The worst thing we can do for the public land we all cherish so much is put faceless federal agencies in control of something as important as land management.

Nevermind the hard-working folks in the U.S. Forest Service, all the National Park Service rangers, the proud federal firefighters , or the numerous fish & game agents that work at our National Wildlife Refuges. Denny doesn’t call those federal servants names, but he sure doesn’t seem to trust them, either.

What is the alternative? Turn over the public lands to the state government?

Perhaps, then, he might take a look at the what is going on all around the country. That’s right, state governments are struggling these days.

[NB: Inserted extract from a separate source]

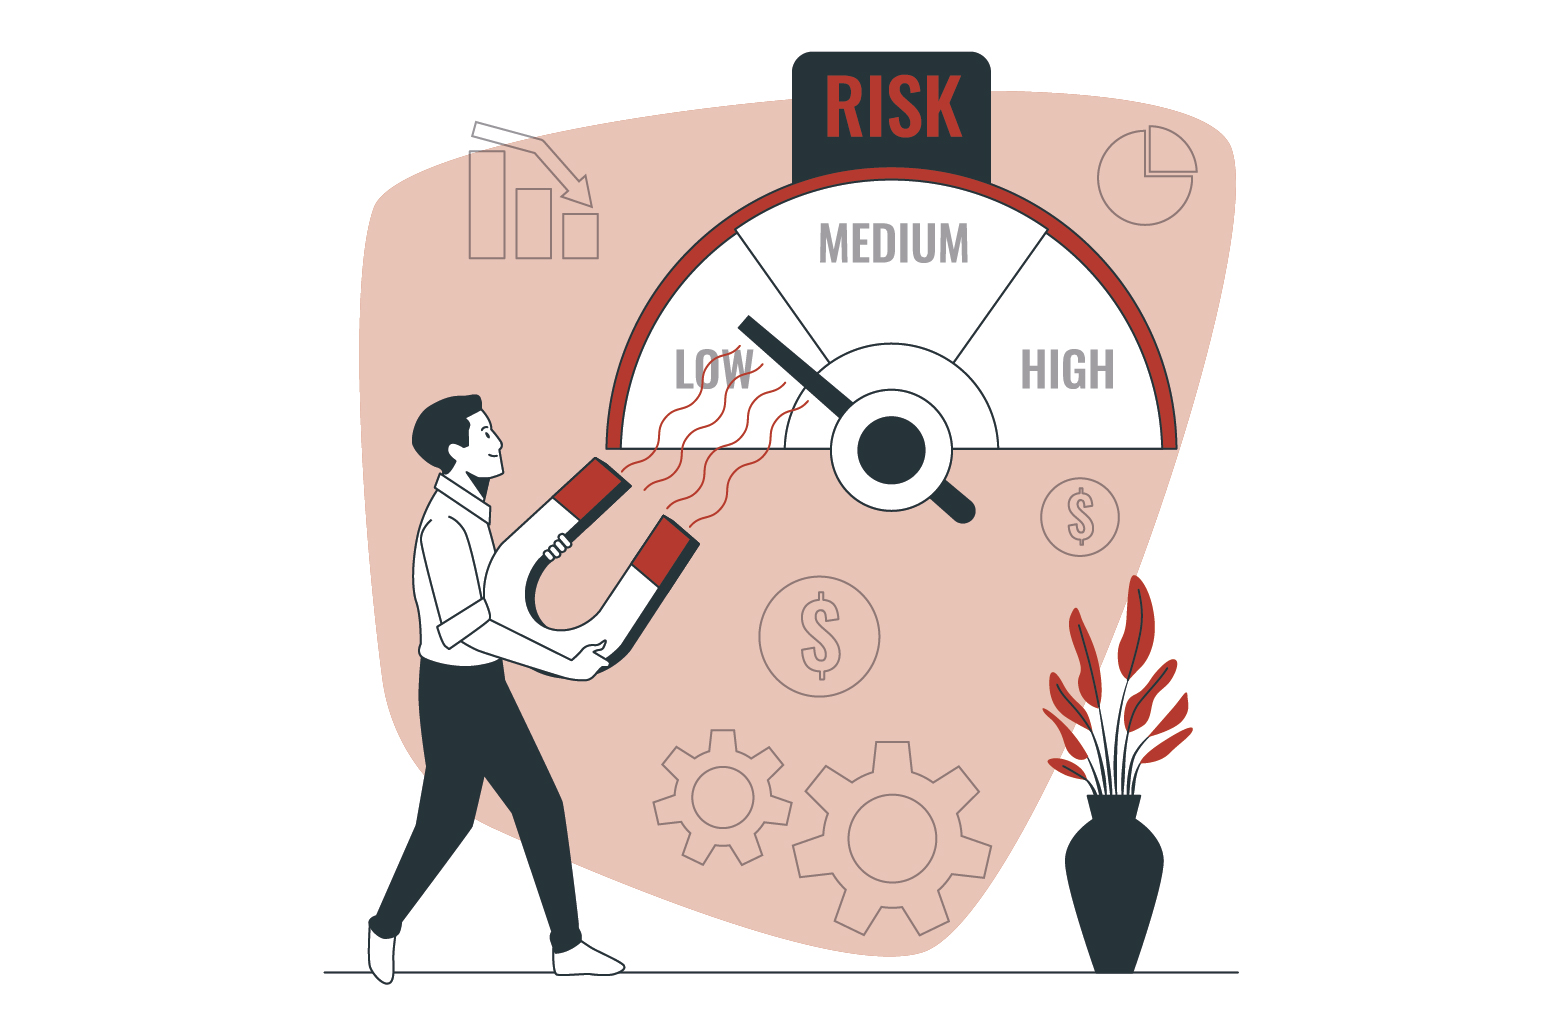 Improved Risk Management

* In California, Governor Schwarzenegger is proposing to padlock and close nearly 80 percent of California’s state parks.

* Arizona is going to close 8 state parks.

* Out in Washington, a state park representative suggests up to spokesperson for the parks says they could see the closure of as many as 40 state parks.

* And, in Illinois, former Gov. Blagojevich closed 11 state parks and 13 historic sites.

So, let’s put the two together – first, take the public land away from the government of the American people, and second, give them to state agencies who can’t afford to manage them. The result? Further loss of confidence in government and increased calls to privatize the whole shebang. That’s right – why not let KOA, Backcountry Horsemen or even Disney manage our parks and wilderness? Aha, that’s his game.

And, he thinks that’s a workable solution that truly reflects Montana? I’m shocked, just shocked. Just when Montanans need their forests, parks, and wilderness more than ever, Rehberg simply wants to take them away from us!